On Monday, when I arrive at the shop, Edward’s unpacking boxes of new books. He glances up as the bell jangles.

‘How was the party?’

‘Oh God, awful.’

He looks amused, as well he might. ‘Was it? How come?’

‘I’m no good at that sort of thing. I hardly knew anyone; they were all really… posh.’ I put my bag behind the counter, sighing.

‘You must have expected that though, surely?’

‘I know it’s my own fault for going.’

‘Curiosity killed the cat.’

I glare at him. ‘Well, luckily I wasn’t killed.’

‘What were you, then?’

I tick off on my fingers. ‘Self-conscious. Anxious. Bored.’

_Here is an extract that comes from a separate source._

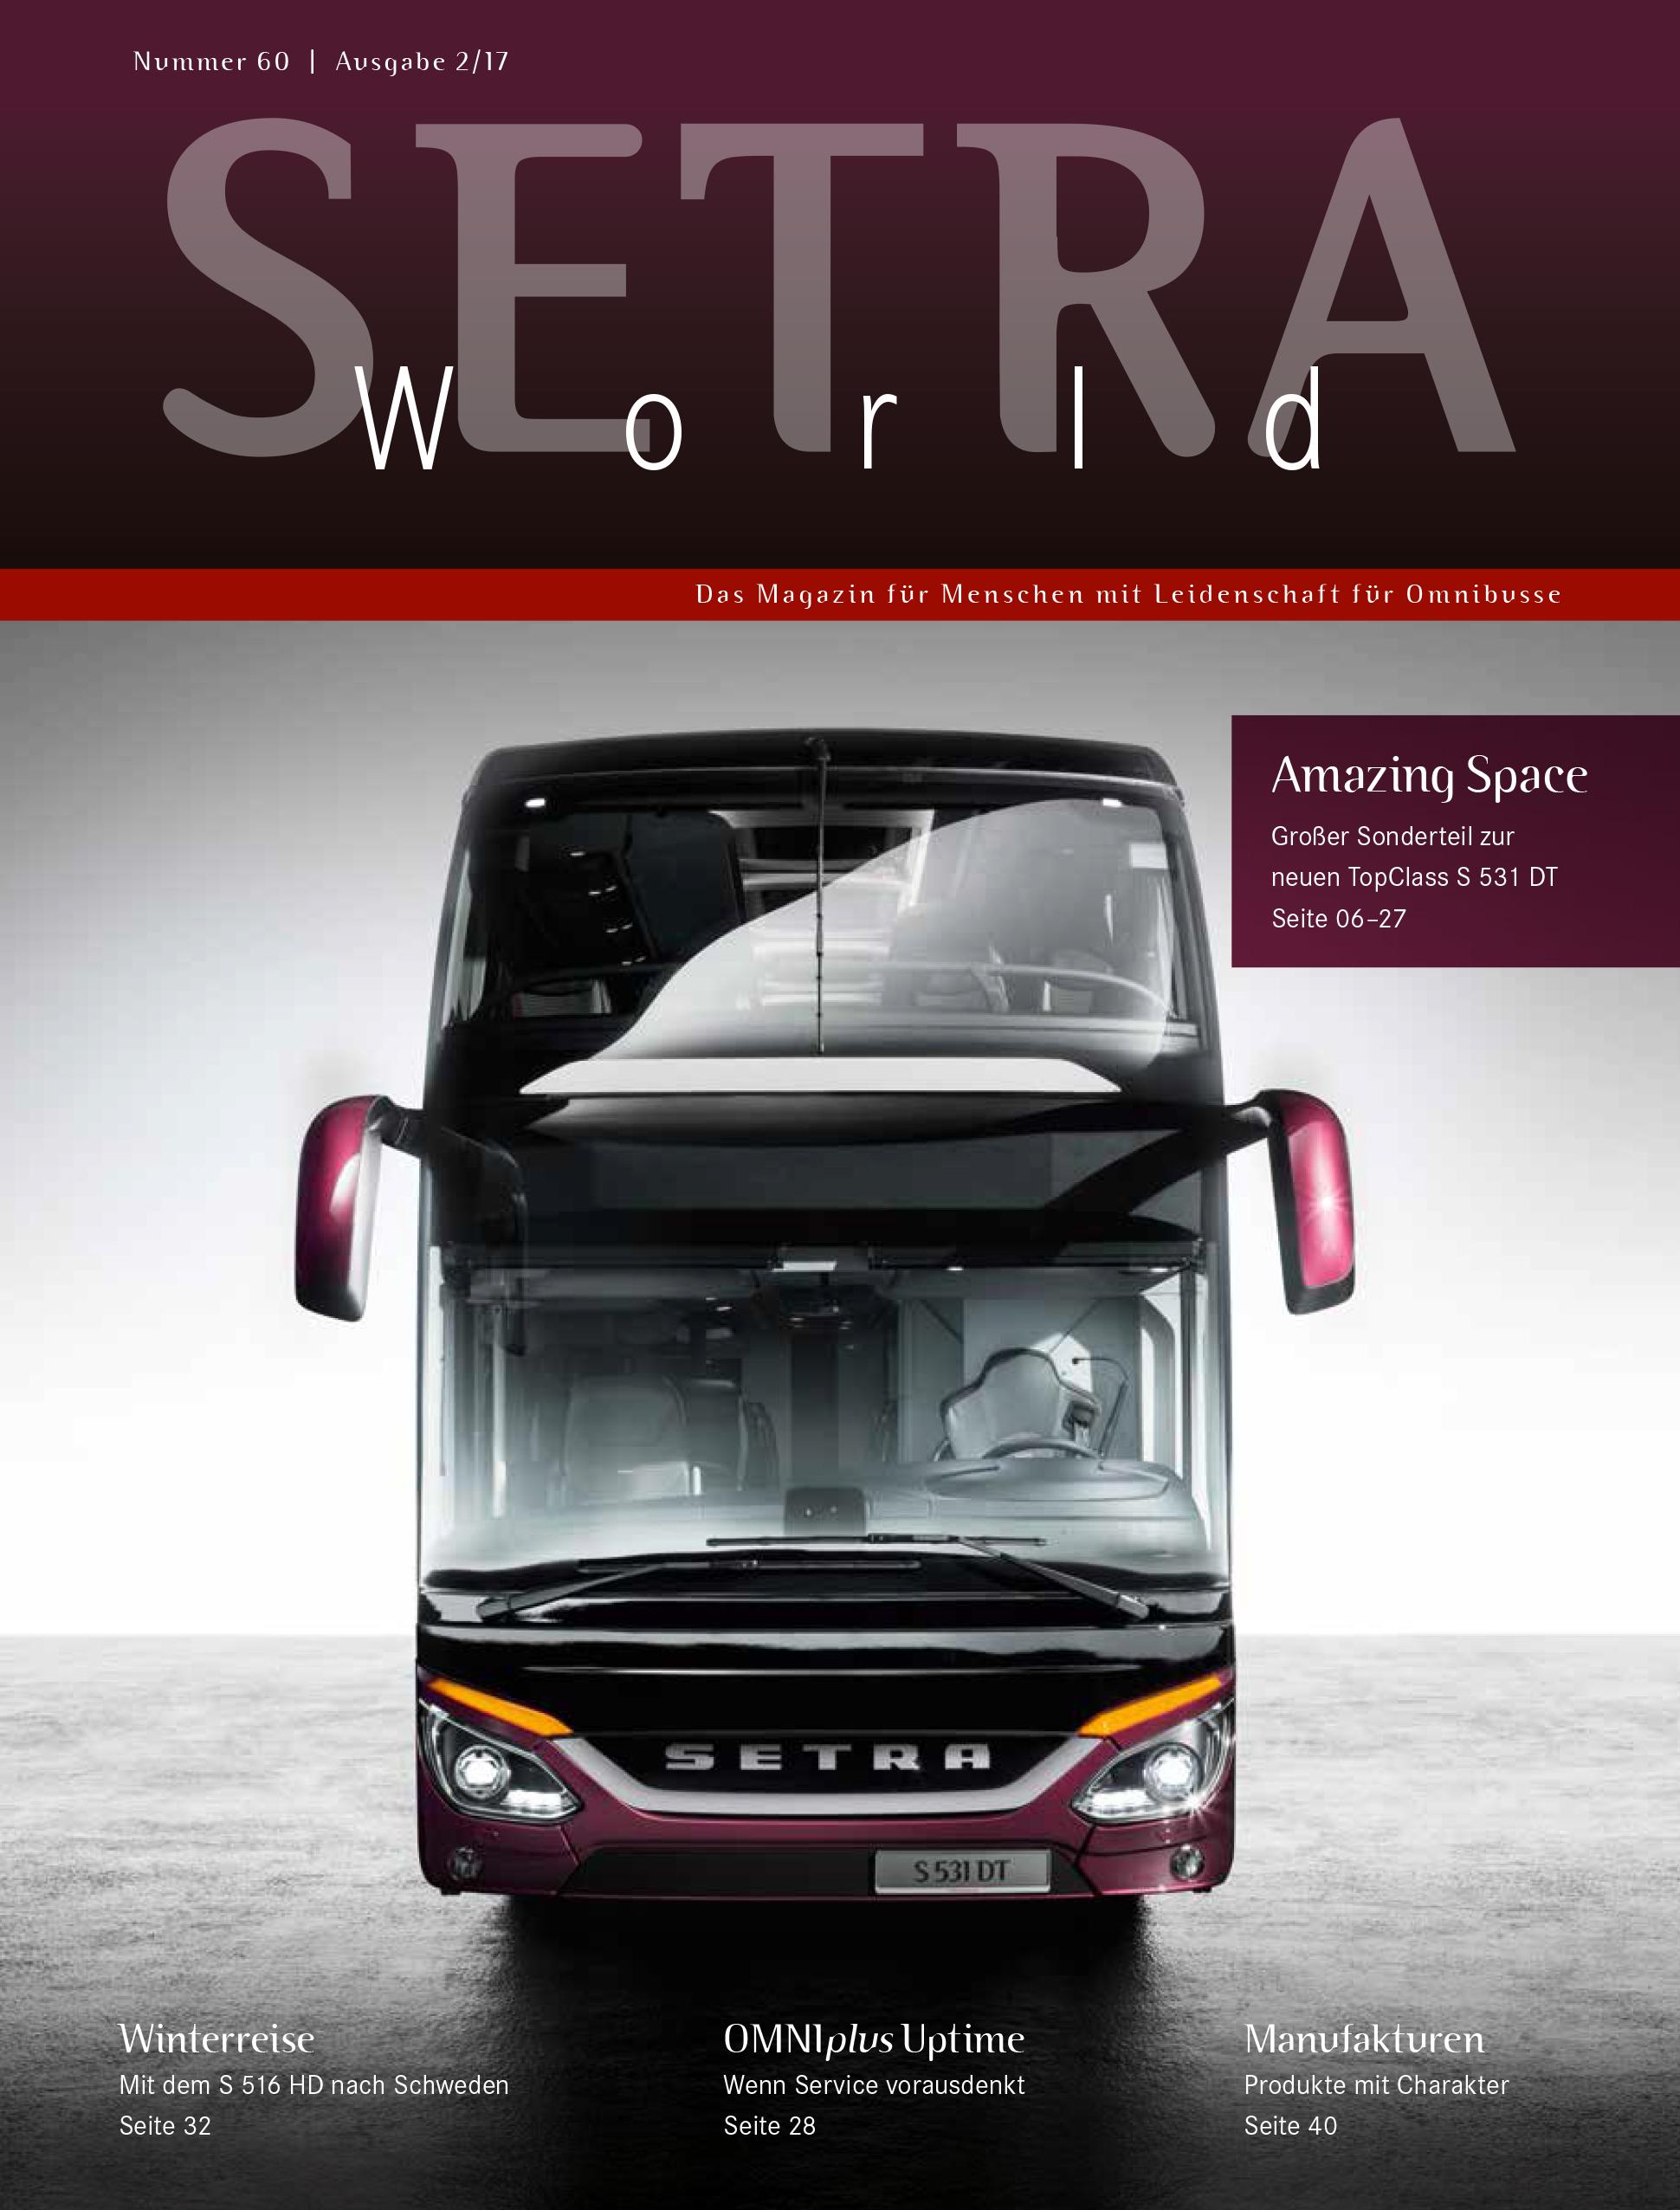 Setra World Kundenmagazin

He laughs. ‘Anxious? Why were you anxious?’

I lift a shoulder in a half-shrug. ‘I don’t like that sort of thing. I had to talk to strangers, I felt…’

‘You felt what?’ He’s focused on me, intent.

‘I don’t suppose you’d understand.’ I sit down in the green chair and shake the mouse to wake the laptop.

‘Try me.’

‘Fat, and old, and… common.’ He blinks at me. I laugh. ‘I know. Ridiculous. I mean, to feel common. The rest of it… Anyway, it’s my chip, I forget about it sometimes but it’s flipping massive.’ I laugh again.

‘The chip on your shoulder? Can’t say I’ve noticed.’ He looks perfectly serious but I’m suspicious.

‘Are you taking the piss?’

He grins at me. ‘Not really. A bit. Anyway, you’re not fat, are you, or old. And you’re certainly not common.’

‘I am, though. I mean your brother’s a lord. Not that I care if he is, or if I am. But it’s hard not to think about how all the women in my mum’s family were domestic servants. For the last two hundred years or something.’ I stand up and stretch, my elbows cracking. ‘Probably longer. It’s like a race memory. I’d have been scrubbing things, not flouncing about eating canapes.’ I deliberately don’t pronounce the accent. ‘A hundred years ago, neither of you’d have been speaking to me, would you, except to give orders, or…’ I can’t quite express what I mean. ‘It made me uncomfortable.’

‘A hundred years ago we’d have been drowning in mud at the Somme,’ he says. ‘Too busy to shout at the staff.’

‘Oh. Well. Perhaps. But you’re a bit old, aren’t you? I know you’re doing the same thing as me,’ I add, ‘thinking of yourself as a young man. Like I see myself as a kitchen maid, whereas I’d hope I’d have been a cook or housekeeper by the time I got to my age, and you’d be a general, or too old to fight.’

He frowns at me. ‘I suppose so,’ he says. ‘You’re right, I’m always twenty in my head.’

‘I know. Depressing, isn’t it?’

Ten

It’s the beginning of July and I’ve been working at the bookshop for nearly two months. I’ve taken over the window displays, which have improved one hundred per cent if I do say so myself. The Twitter account, much to Edward’s horror, is a resounding success and I’ve been Instagramming pictures of books, and actually posting things on the Facebook page Rory’s brother set up five years ago.

‘I don’t know why you bother,’ he says. ‘I won’t do any of this when you’ve gone.’

‘Make it part of my replacement’s role. E-marketing.’

‘Jesus.’

‘We’ve got more than five hundred Twitter followers already,’ I say. ‘I think that’s pretty good going. And loads of them are actual people, not just other bookshops.’ I’m opening boxes, three of which arrived this morning, and unpacking the contents. I stack books on the floor by the counter.